How Do NFT Creator Royalties Work?
One of the features NFTs were originally praised for was the promise that artists could keep earning from their work even after the first sale, every time it changed hands again. That promise depends on mechanics that are more fragile than they first appear.
The short answer
Creator royalties work by embedding a rule, either in the NFT’s smart contract or enforced by the marketplace facilitating a sale, that automatically routes a set percentage of each resale price back to the original creator’s wallet. When that rule is enforced, the artist earns something on every future trade, not just the initial one. When it isn’t, the payment simply doesn’t happen.
How the mechanism is supposed to function
At mint, a creator can typically set a royalty percentage, commonly somewhere in a modest single-digit-to-low-double-digit range depending on the project, that’s meant to apply to every future resale. In the earliest and most common implementation, this rule lives at the marketplace level: when a sale happens through a platform that honors royalty settings, the platform calculates the percentage and sends it to the creator’s wallet as part of the transaction, alongside the payment to the seller. In this setup, the smart contract governing the NFT doesn’t enforce the payment directly — the marketplace does, voluntarily, as a matter of policy.
Why enforcement became the real issue
Because royalty payment in that common model depends on marketplace cooperation rather than being hard-coded into the transfer itself, someone can move an NFT to a different marketplace, or use a direct wallet-to-wallet trade, without ever triggering the royalty at all. Over time, competition among marketplaces led some to make royalties optional or buyer-adjustable rather than mandatory, which reduced how reliably creators were actually paid, even on NFTs originally minted with a royalty percentage attached. Some newer contract designs attempt to enforce royalties more strictly at the code level, but no single standard has become universal across all NFTs.
What determines whether a royalty actually gets paid
- Which marketplace facilitates the sale. Some enforce royalties strictly, some make them optional, and some ignore them entirely.
- How the transfer happens. A direct wallet transfer outside any marketplace generally bypasses royalty logic altogether, since there’s no platform involved to calculate or route a payment.

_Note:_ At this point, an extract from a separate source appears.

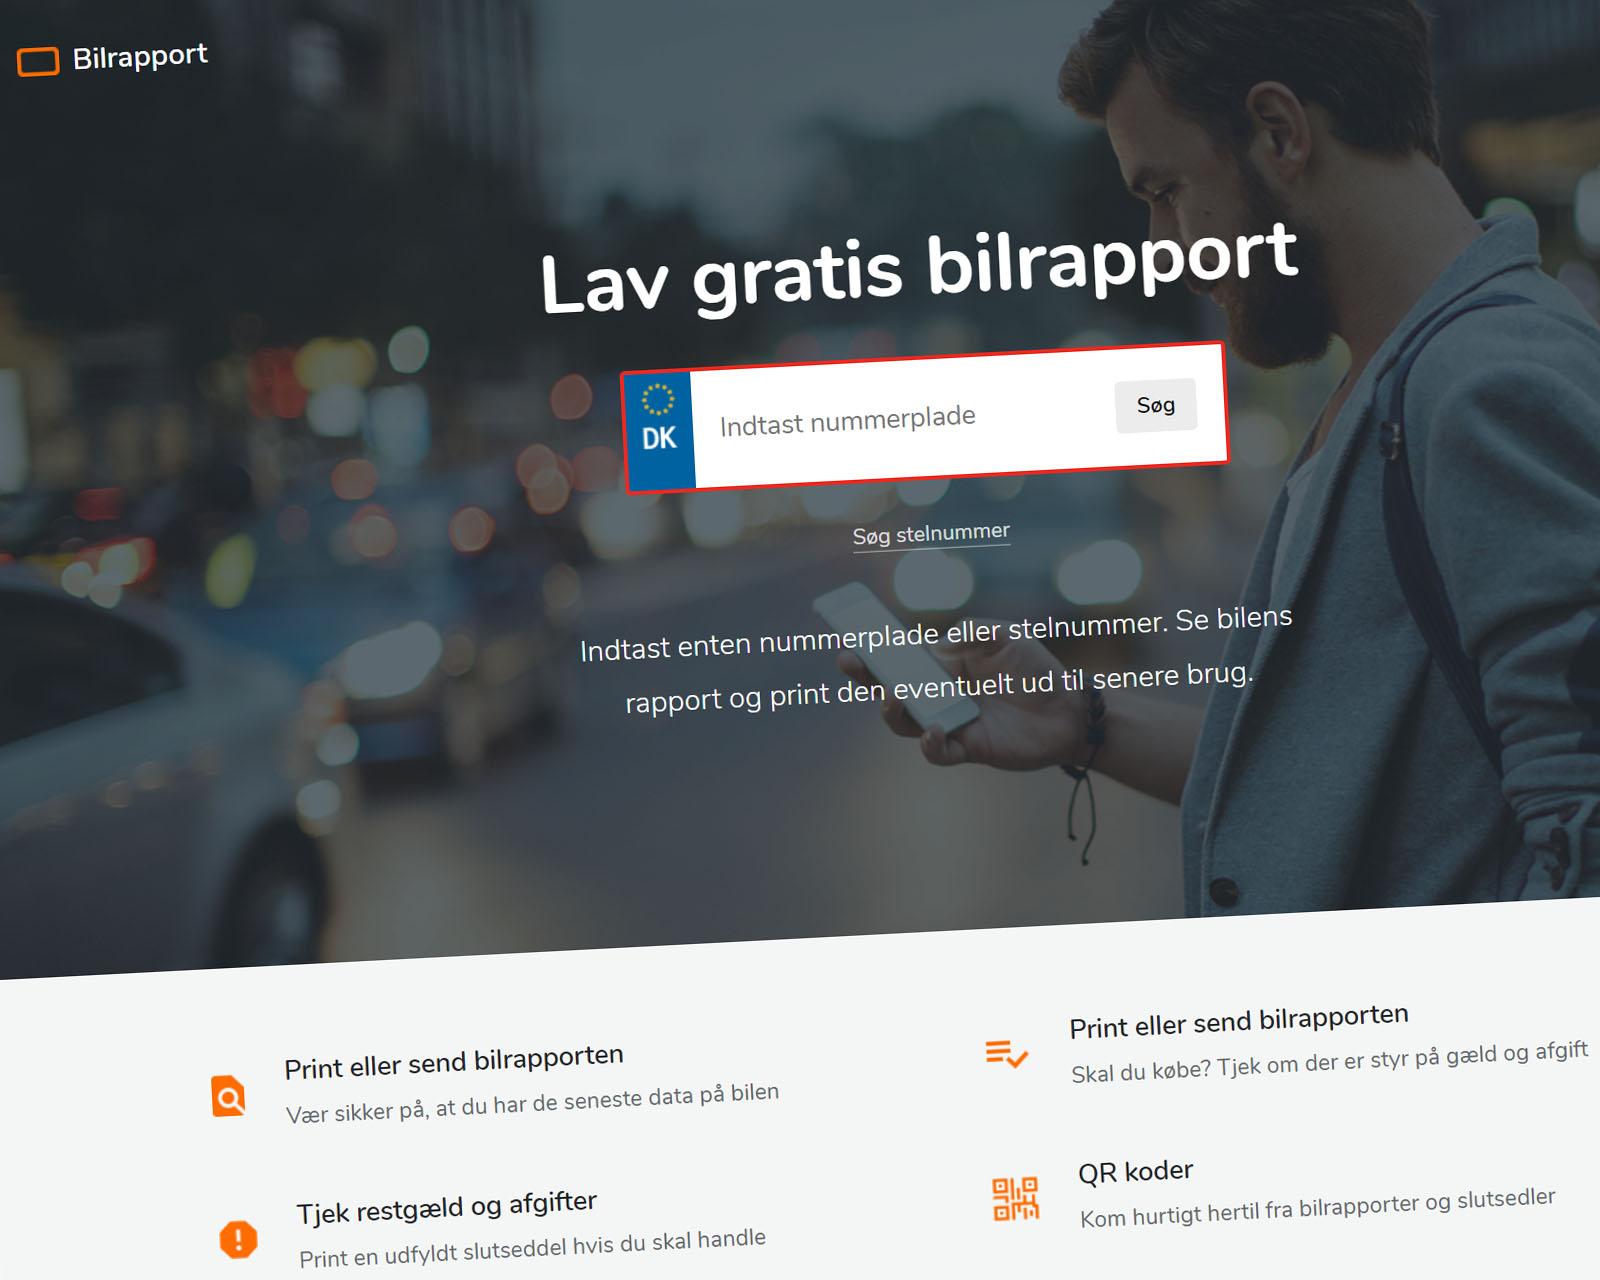 Bilrapport.dk

- The specific smart contract standard used. Some technical standards support enforceable, code-level royalties; others rely entirely on marketplace-level convention.

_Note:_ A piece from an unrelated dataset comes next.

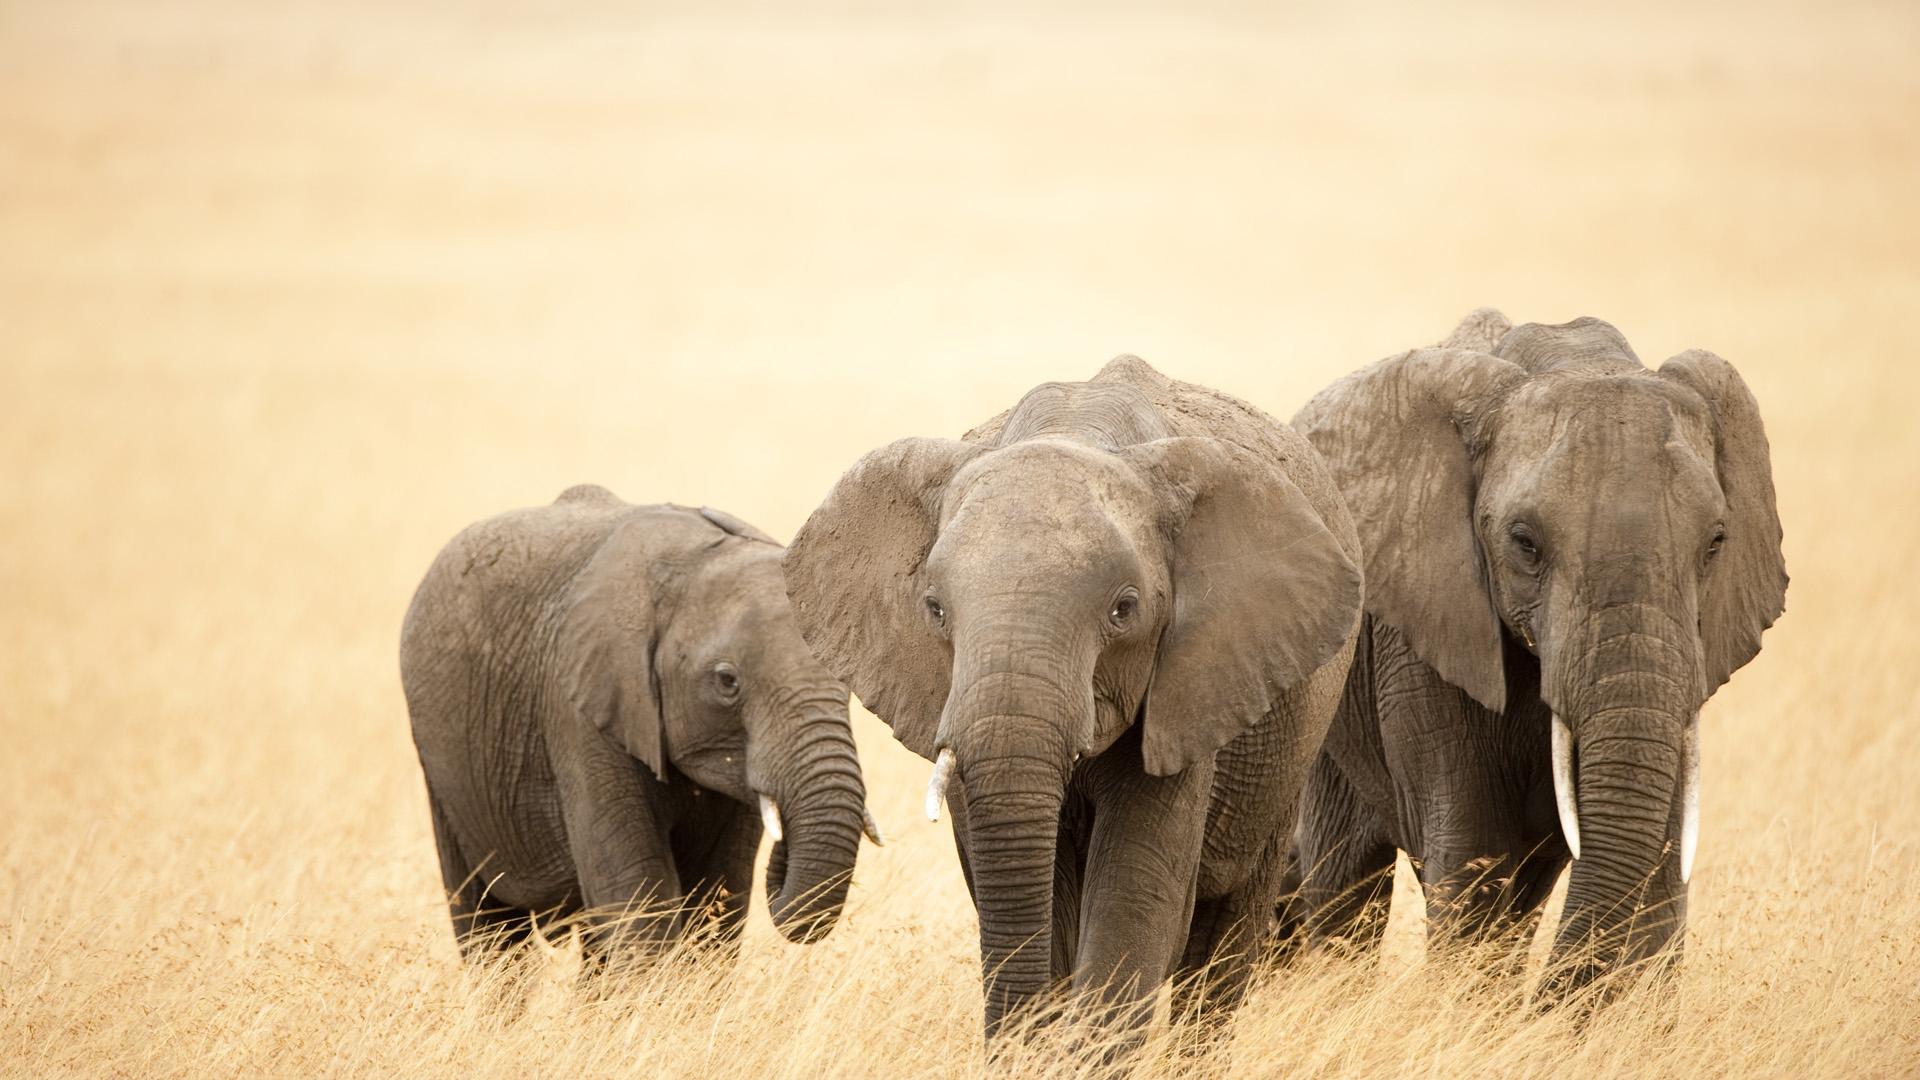 Hd wallpaper elephant - Elephant Art Wallpapers Hd Resolution

- Whether the buyer or platform chooses to honor a non-enforced rate. In some marketplace designs, royalty payment has become effectively voluntary on the buyer’s side.

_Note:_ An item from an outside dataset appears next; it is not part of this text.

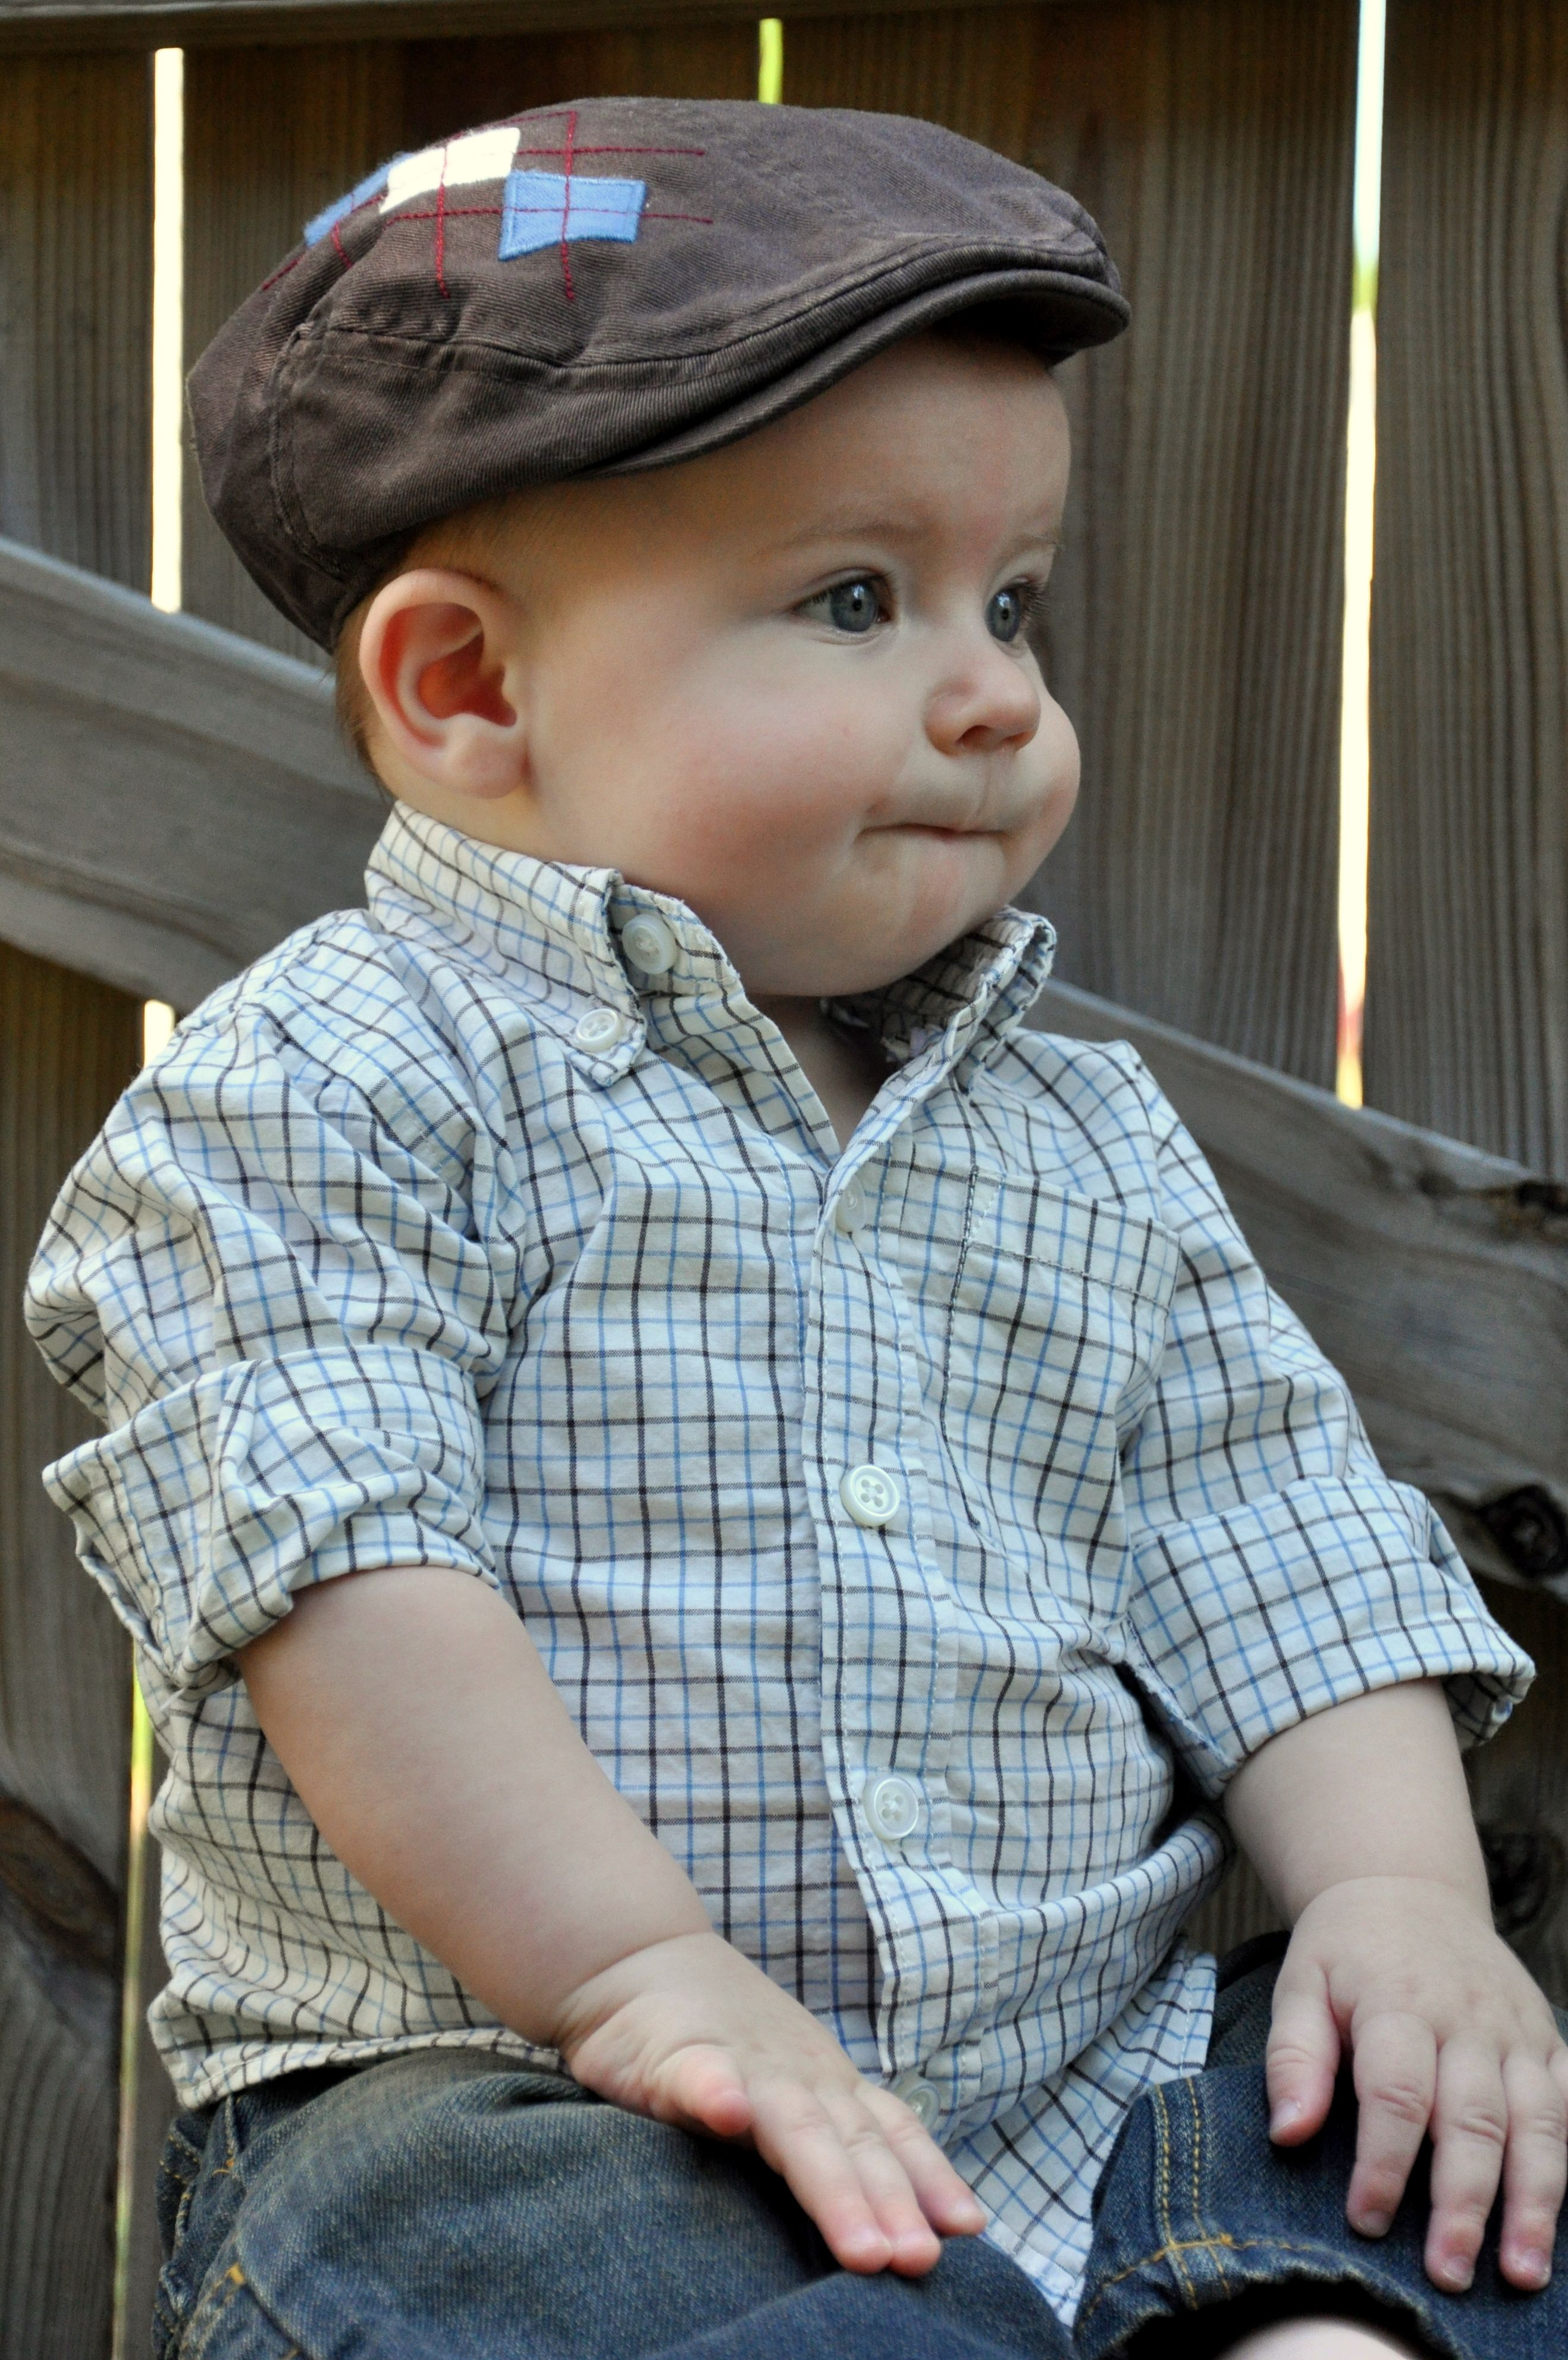 2e3bbcbd1 baby newsboy hat - Google Search | Fall Photoshoot | News boy hat ...

How this connects to broader NFT ownership questions
Royalties are a separate issue from whether buying an NFT gives someone copyright to the artwork — a royalty is a payment mechanism tied to resale, not a legal claim over the underlying work, and what happens to copyright when an NFT is resold generally isn’t affected by whether a royalty was paid. Royalties are also just one line item within the broader set of fees typically charged when buying or selling an NFT, alongside marketplace commissions and network transaction costs.
The bottom line
Creator royalties were designed to let artists share in the ongoing value of their work, but the mechanism only functions when the marketplace or contract facilitating a sale actually enforces it. Understanding that this system runs on convention as much as code helps explain why royalty income for creators has become far less consistent than the original pitch suggested.